Driven by soaring costs for food and energy, inflation is at its highest in at least five years. The International Monetary Fund predicts annual inflation for the region will reach 8.1% by the end of the year, compared with 6.3% in 2007. And official numbers may mask the true severity of the problem. Argentina reported 12-month inflation of 9.2% in June, but most analysts say the government statistics office keeps figures artificially low and that inflation could be at 25%.

With growth in China and India driving demand for a variety of commodities, much of the price pressure is outside the control of any one nation. But economists warn that unless Latin governments cut back on spending and pursue inflation targets through measures like interest rate hikes, they could ingrain price increases into their economies.

No Hyperinflation

The impact would be particularly harsh for the region's poor. They already struggle to buy the basics, have little disposable income to act as a cushion, and often work in such unsalaried positions as street vendors or maids, without the benefit of wage increases. Poverty figures have declined substantially for Latin America in recent years; according to the U.N., a fifth of the region now lives on less than $2 a day, compared with a quarter a decade ago. Entrenched inflation could reverse that trend.
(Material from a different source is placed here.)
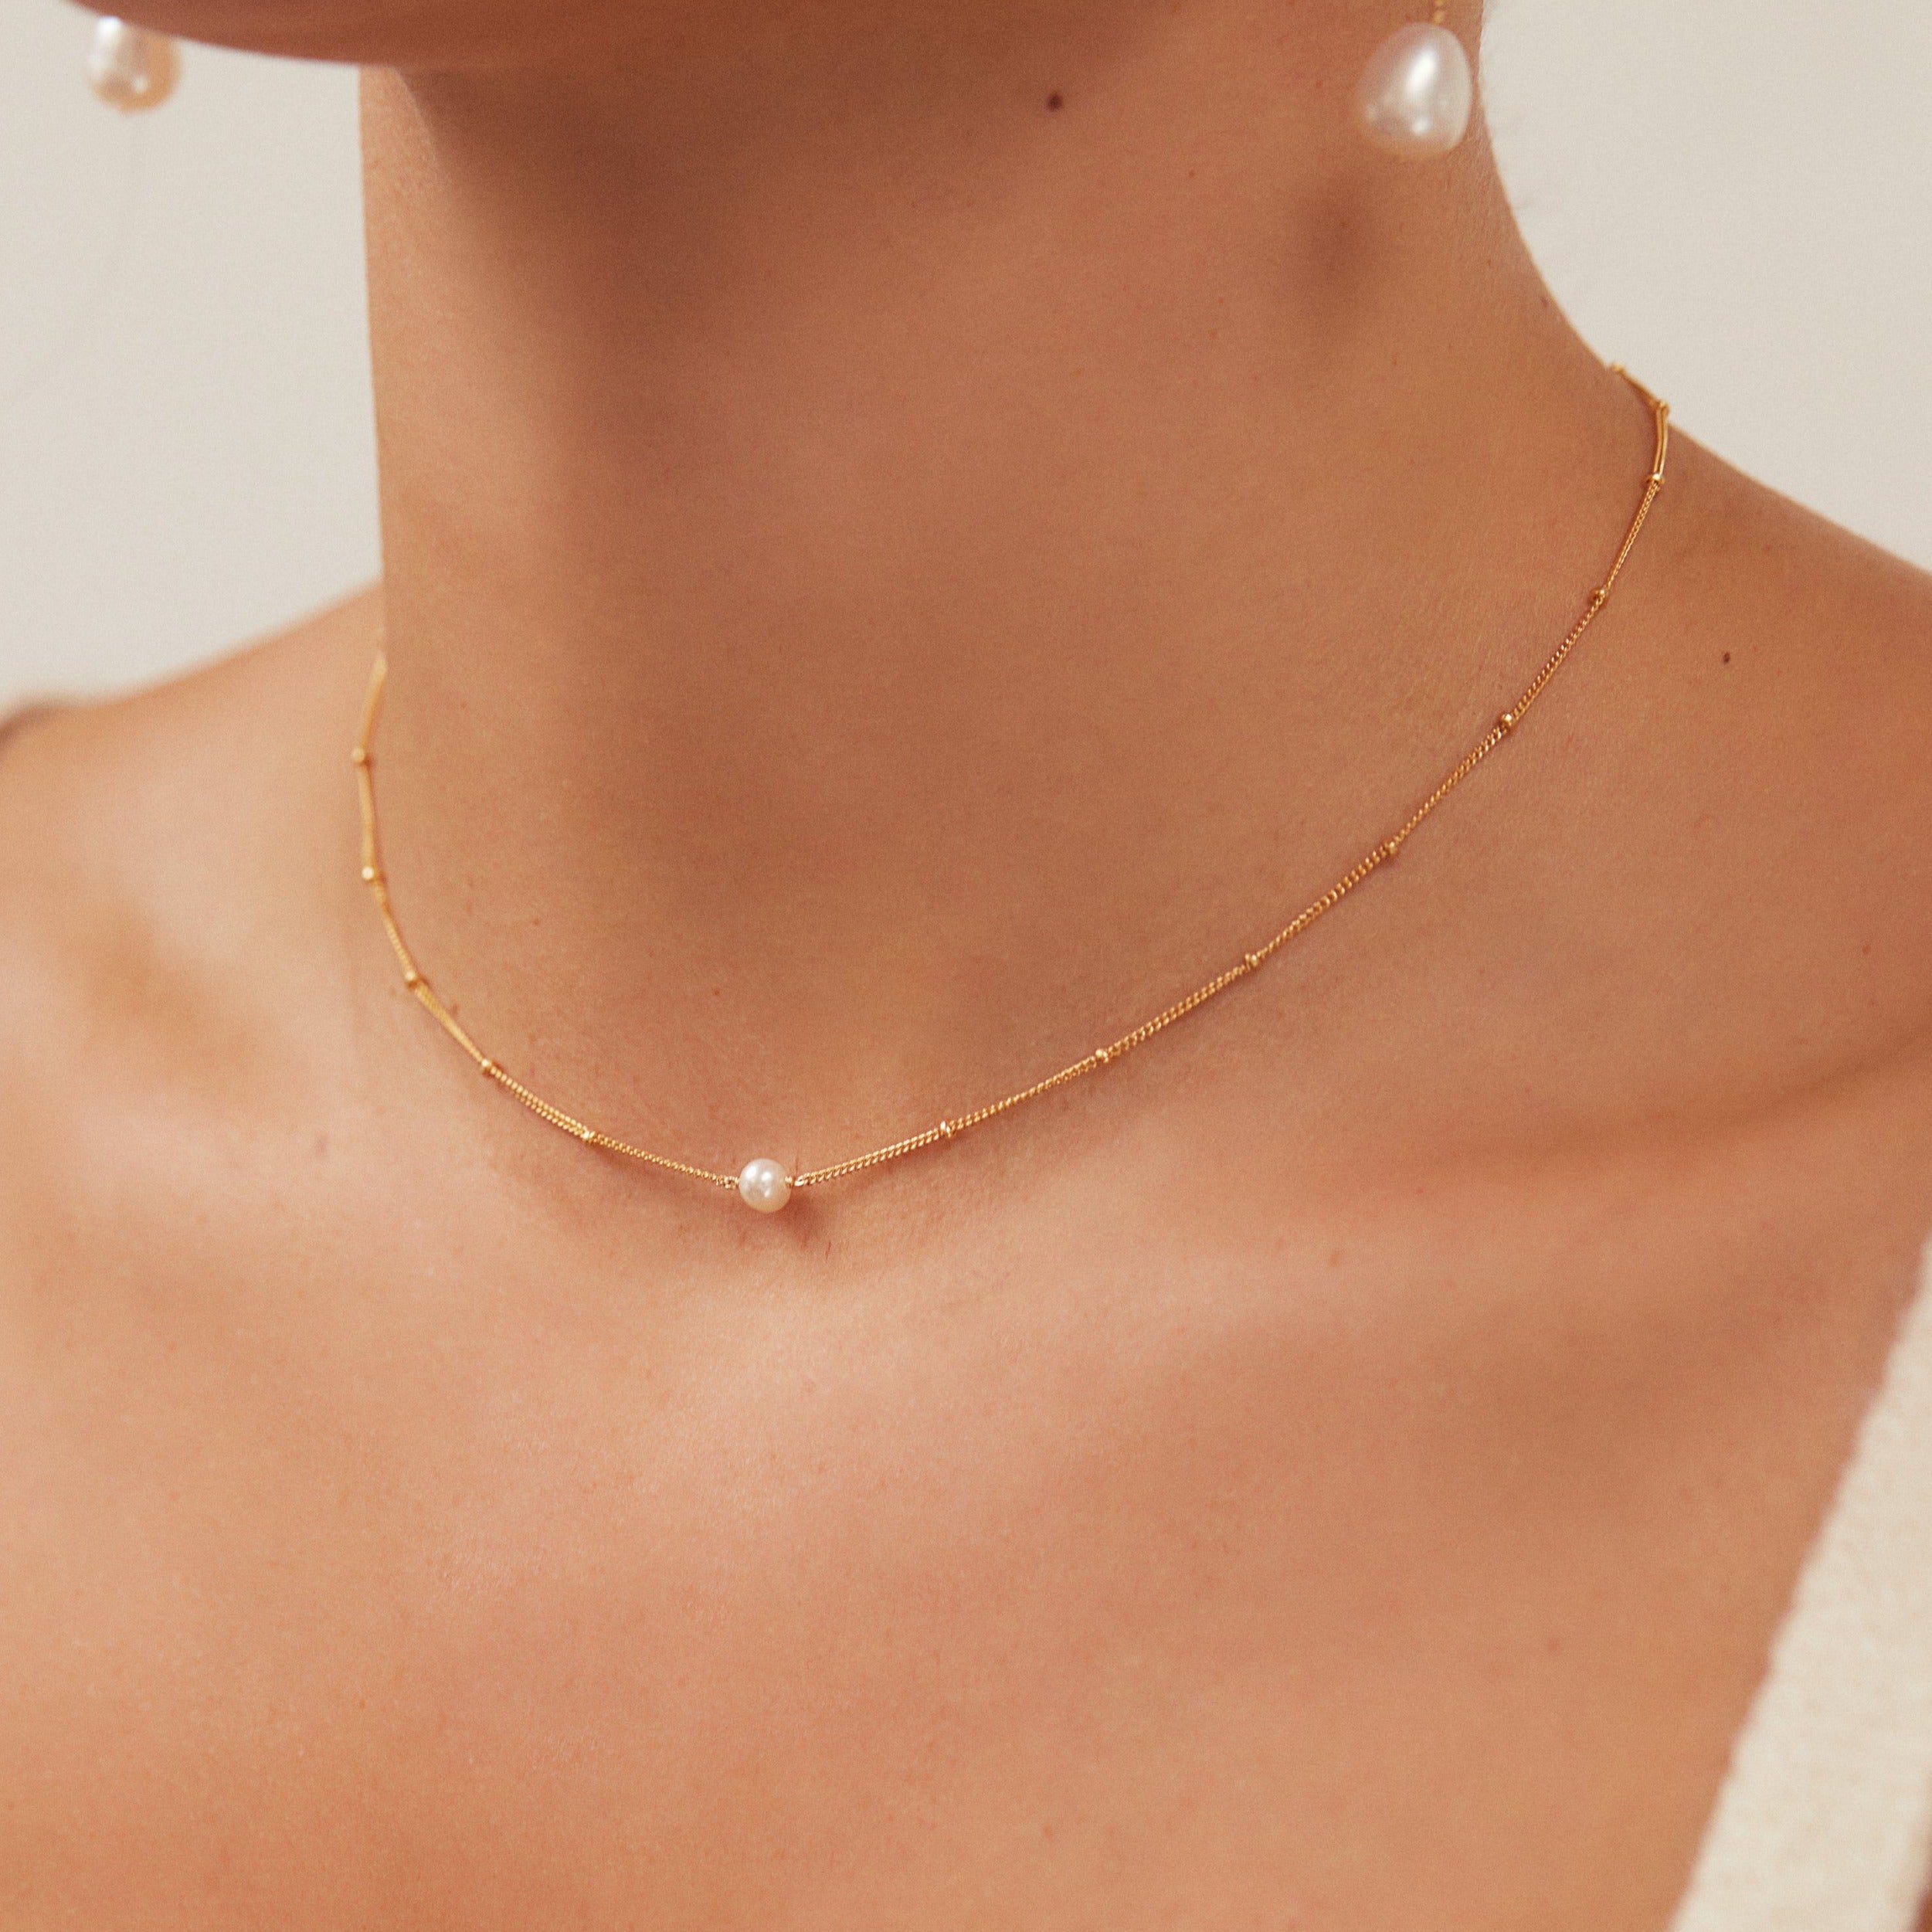 Gold satellite single pearl choker around a neck of a woman also wearing pearl earrings

"We need to bring inflation down in a reasonable time frame," says Anoop Singh, the IMF's Western Hemisphere director. "If Latin America settles into an inflation rate higher than it has been, the difference, however small, will have a huge effect on poverty."

For now, the problem is a far cry from the hyperinflation of the 1970s and '80s. Then, oil shocks and a crippling debt crisis pushed inflation as high as 12,000% in Bolivia and 13,000% in Nicaragua. With countries reeling from the experience, a consensus emerged across the political spectrum that paved the way for IMF technical advice and bailout programs that emphasized fiscal restraint and savvy monetary policy. The result: Annual inflation fell to single digits in recent years from an annual regional average of more than 500% in 1990.

"It's a different movie," says Alfredo Coutiño, Latin America senior economist at Moodys.com (MCO). "Latin America is not facing hyperinflation."

Hiking Interest Rates

Grim memories of daily price changes are deeply rooted in the region's psyche. No one wants a repeat, so voters largely don't mind governments hiking interest rates, even at the cost of lower economic growth. Brazil, Chile, Colombia, Mexico, and Peru are all either raising rates or are about to do so. Brazil, Peru, and Mexico have had the most success, although only Brazil has kept inflation within its target band, with an annual rate of 6.06% in June. Brazil's central bank is expected to raise interest rates on July 23. The move would be its third consecutive rate hike since the bank began tightening monetary policy in April. The benchmark rate currently stands at 12.25%; analysts expect the bank to hike it as high as 13%.